There was more galloping, screeching along the corridor. They were being about as quiet as a girls’ dorm on the last night of term, thought Katie. She headed to the kitchen to swallow two Nurofen Extra. She hadn’t slept well the night before after speaking to Lucy. She’d been awake several times, had a terrifying dream about a spider with a face like Adam trying to have sex with her. She had woken up with a start, breathing heavily, reached for Tom and remembered that he wasn’t there.
She’d thought a lot about Tom last night, remembered how, all those years ago, he’d been her dashing prince in a red convertible MG. And where was he now? His new job was taking him overseas quite a lot. So let’s all go to Australia, but when I get there I shall leave you and the kids to fend off deadly Redback spiders using half price light sabres.

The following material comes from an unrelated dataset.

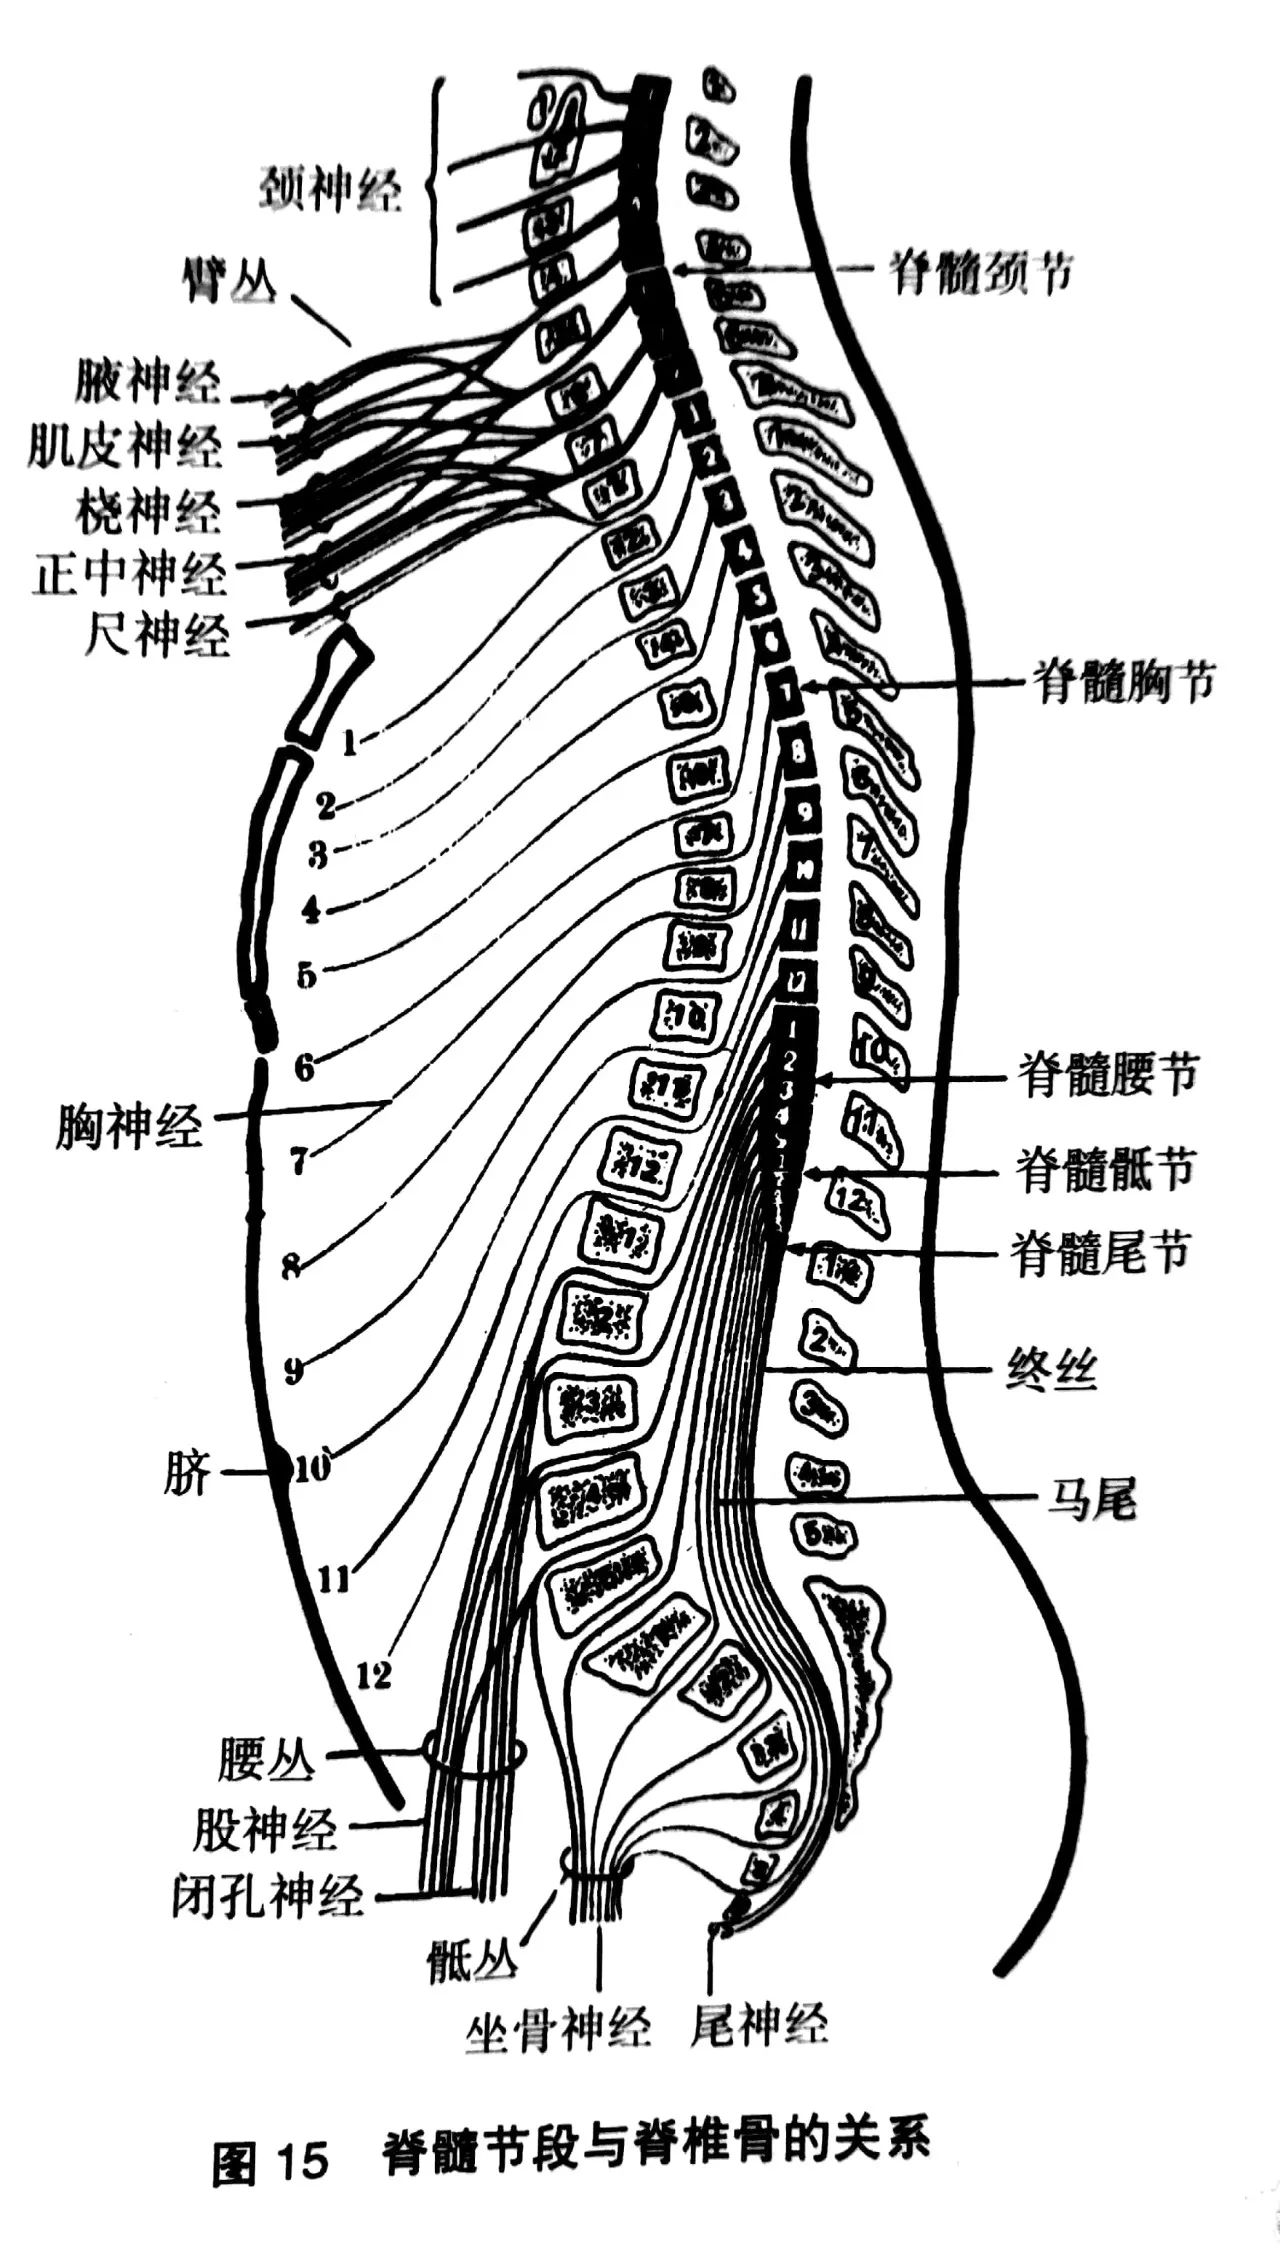 专业分享 | 关于脊髓的所有解剖学知识都在这了,快

No, stop it Katie. He had warned her, after all, that there would be a lot of travel, being on her own. But she was doubly on her own, wasn’t she? No nanny, no Tom. She closed her eyes and a picture of him when they first met came flashing up to her frontal lobe. She remembered when they’d first lived in London, how he’d wooed her, taken her to all the attractions in London she’d only read about with Debs, yabbering excitedly on the bed, looking at magazines. Tom had actually taken her to places like Fortnum & Masons where she had been transported to the streets of Morocco, tasted lamb tagine in the food hall.
It had all been so exotic. It had felt like Tom owned London. All the amazing, crazy places she had seen on telly in a slightly damp living room in the middle of Hertfordshire, had suddenly been right in front of her to try: the Tower of London, Regent Street, Selfridges, Millennium Wheel. The Harvey Nichols bar on the top floor, all so utterly glamorous. But it was easy for Tom. He’d grown up in London – private prep school in Kingston and parents who took him to the shows in the West End on a regular basis. All Katie could remember about the theatre was the panto every year in the village hall.